WHAT IS REQUIRED: When you reach the line containing "Caste, Culture and", start transcribing exactly and continue through the last line of the data, skipping every picture.

DATA PROVIDED:
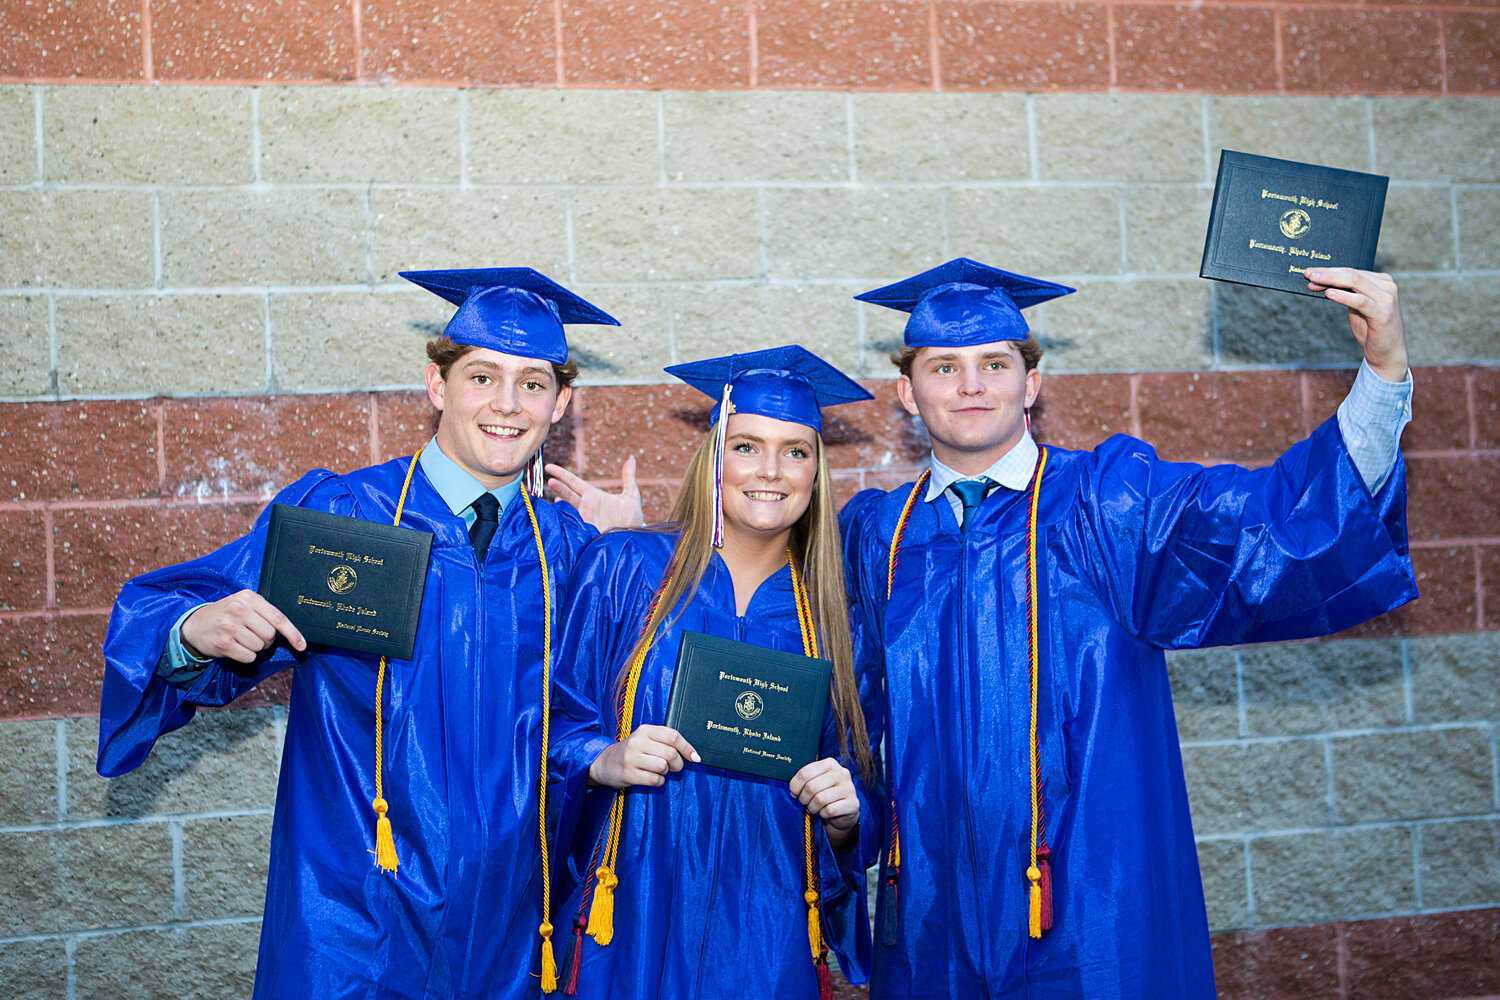 The Tullson triplets from Little Compton — Evan, Maeve, and Neal (from left) — show off their diplomas after graduating from Portsmouth High School Friday night.
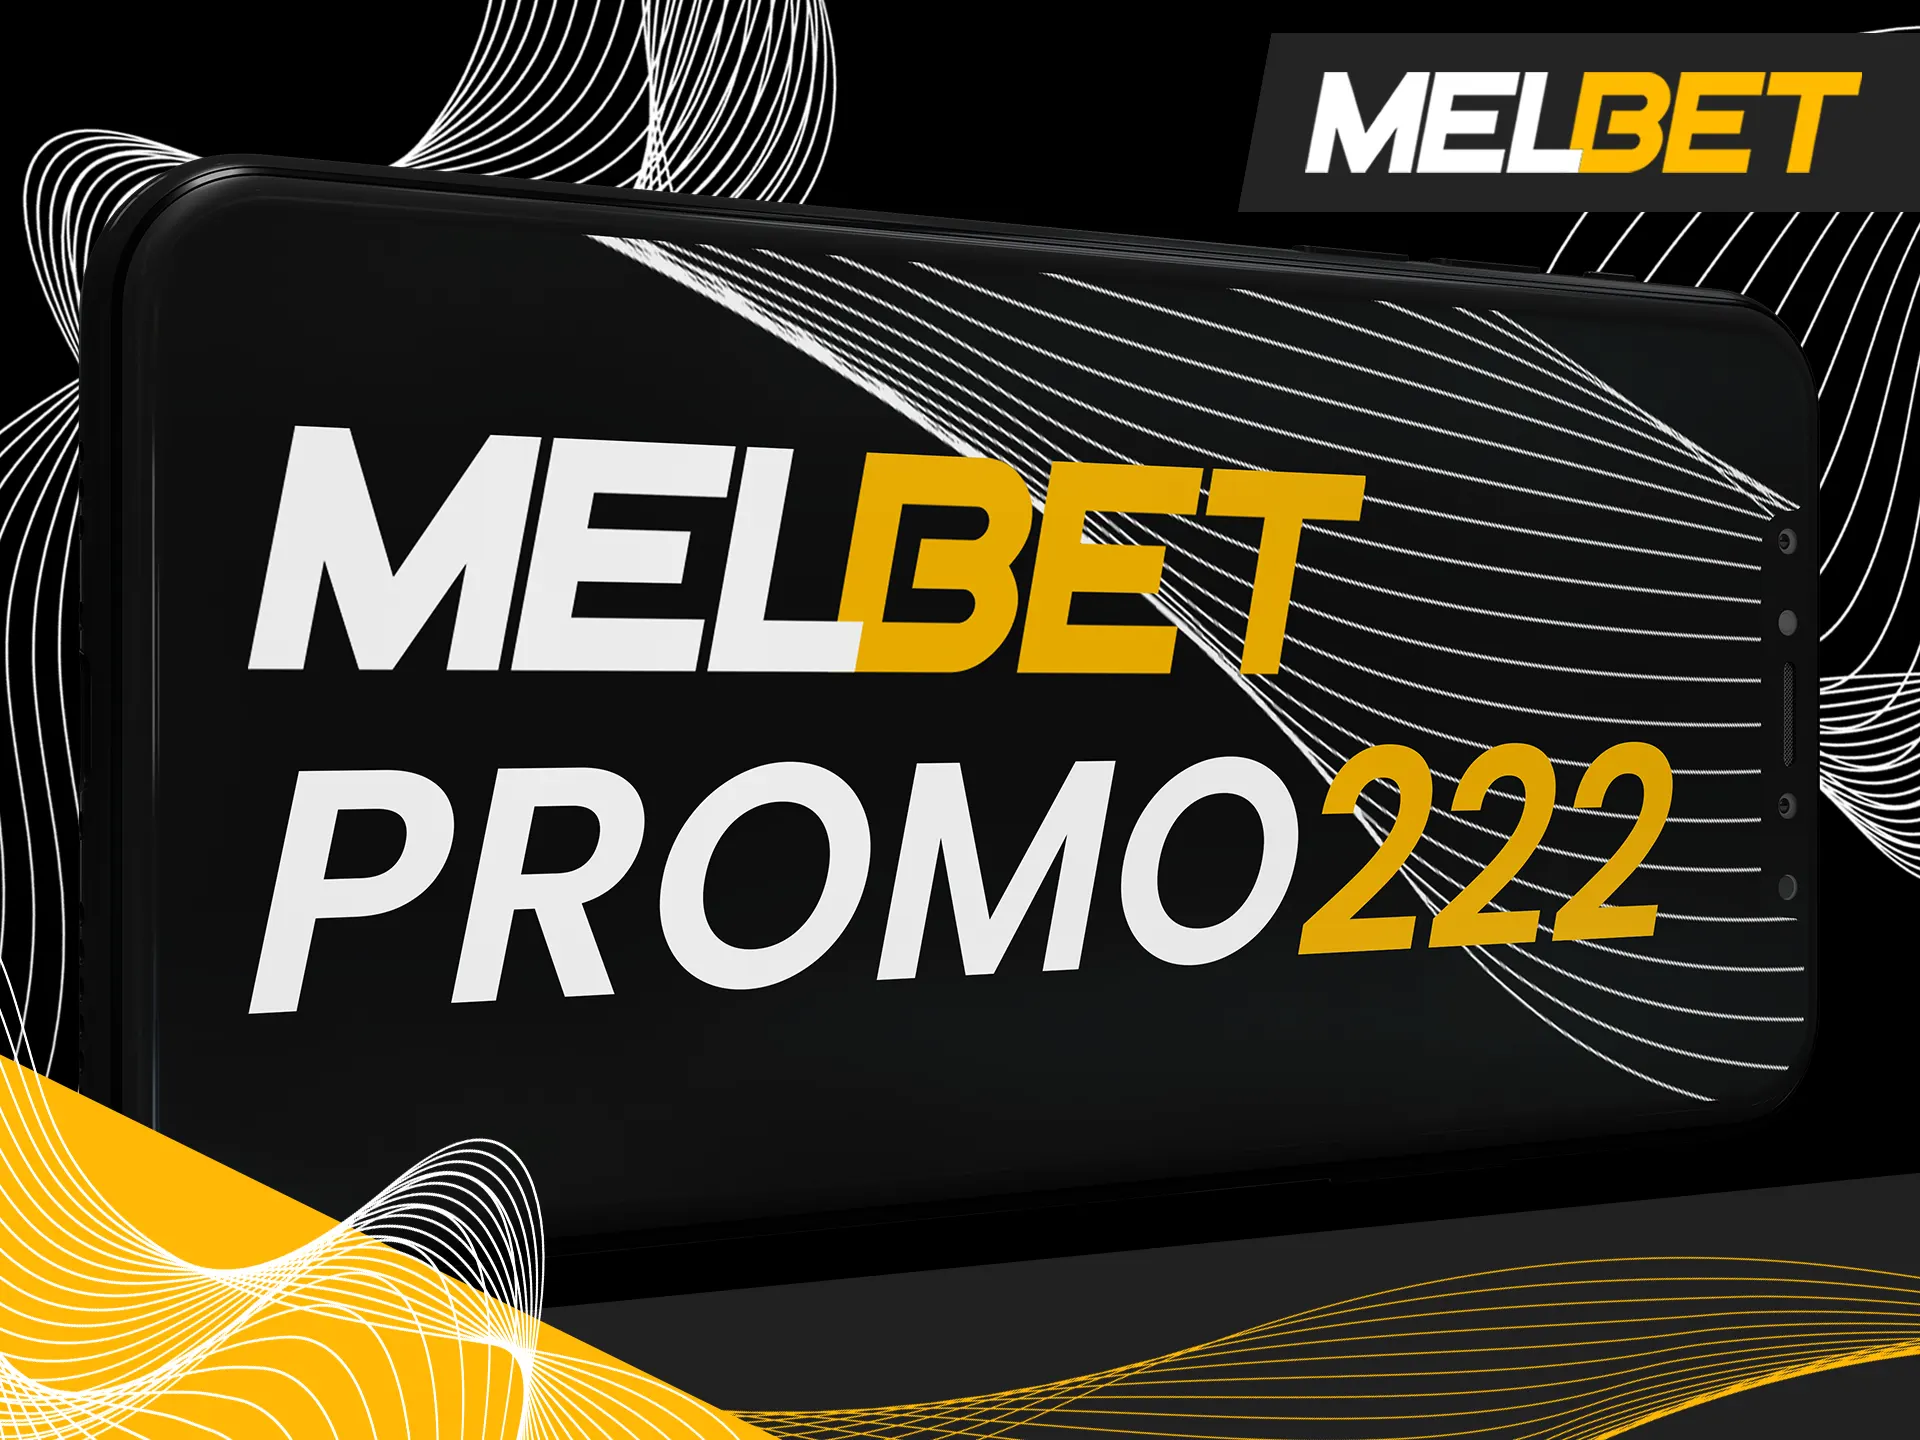 Use Melbet promocode when register new account.
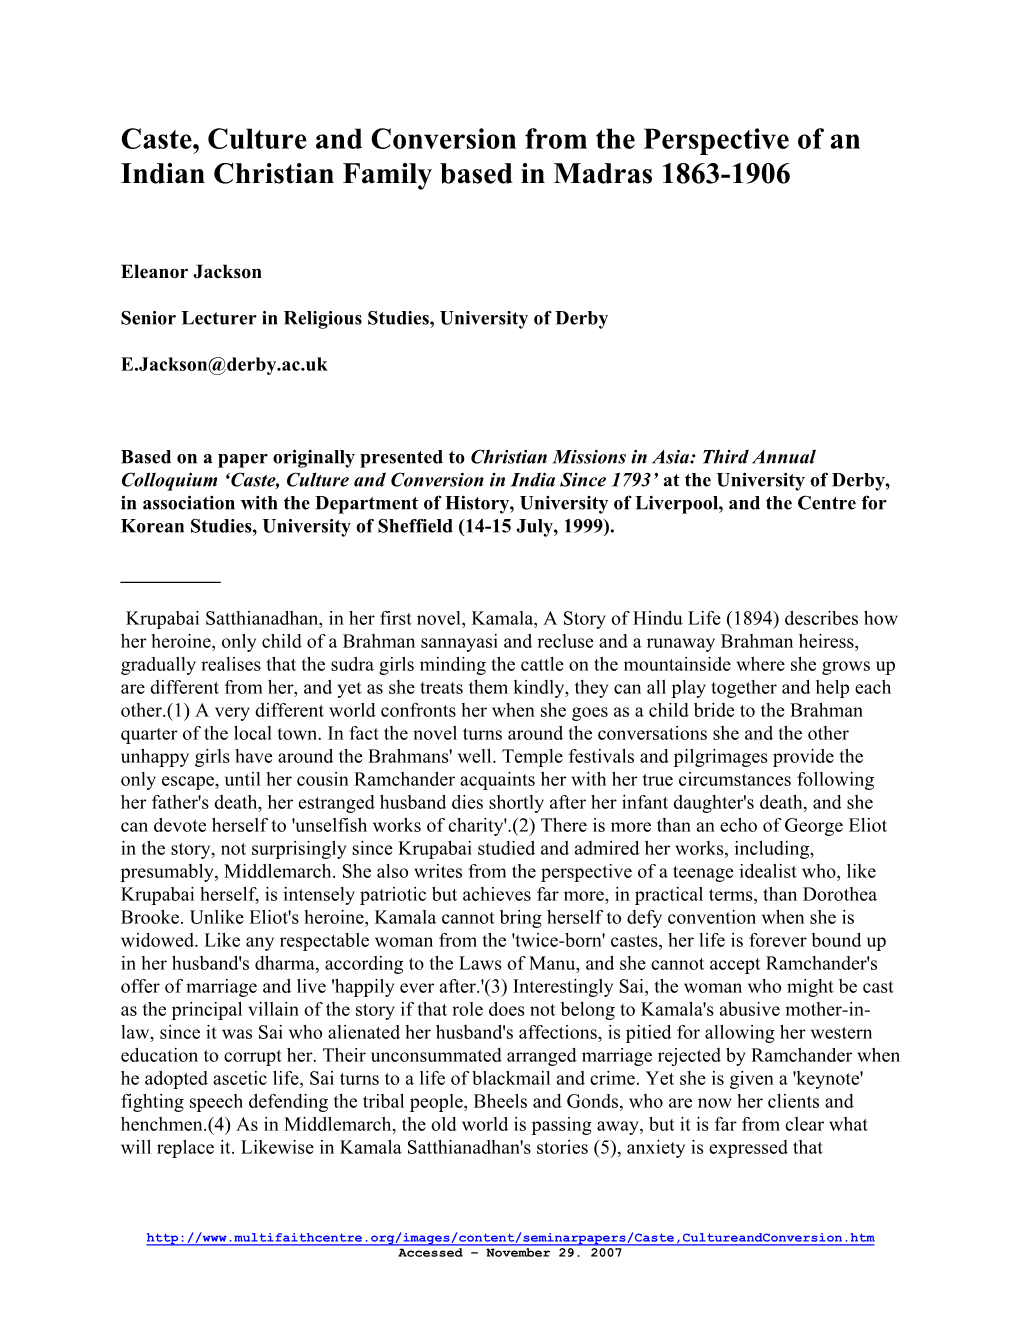 Caste, Culture and Conversion from the Perspective of an Indian Christian Family Based in Madras 1863-1906
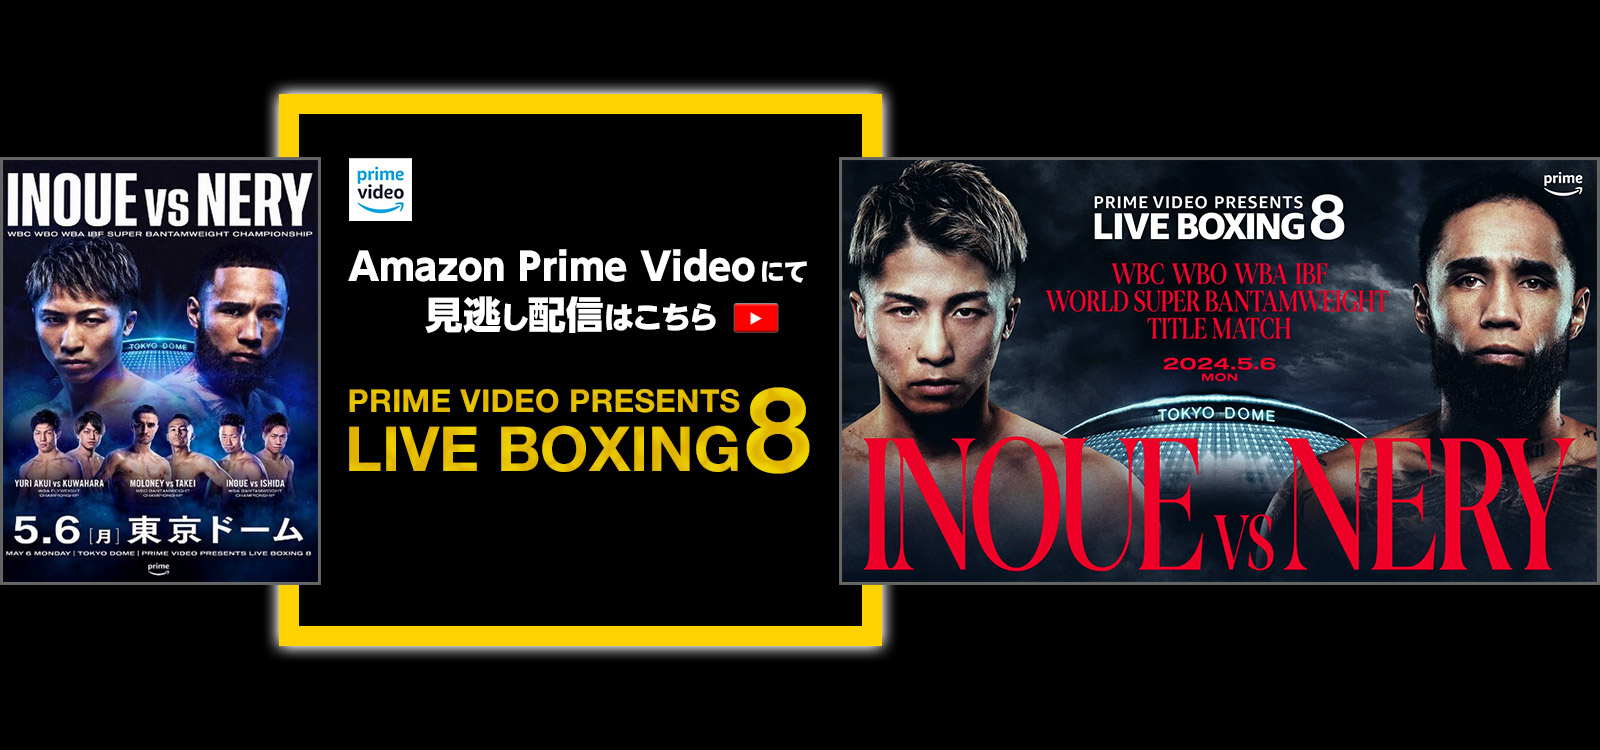 5/6 PRIME VIDEO PRESENTS LIVE BOXING 8 見逃し配信

COMPLETED EXERCISE:
 Caste, Culture and Conversion from the Perspective of an Indian Christian Family Based in Madras 1863-1906
 5/6 PRIME VIDEO PRESENTS LIVE BOXING 8 見逃し配信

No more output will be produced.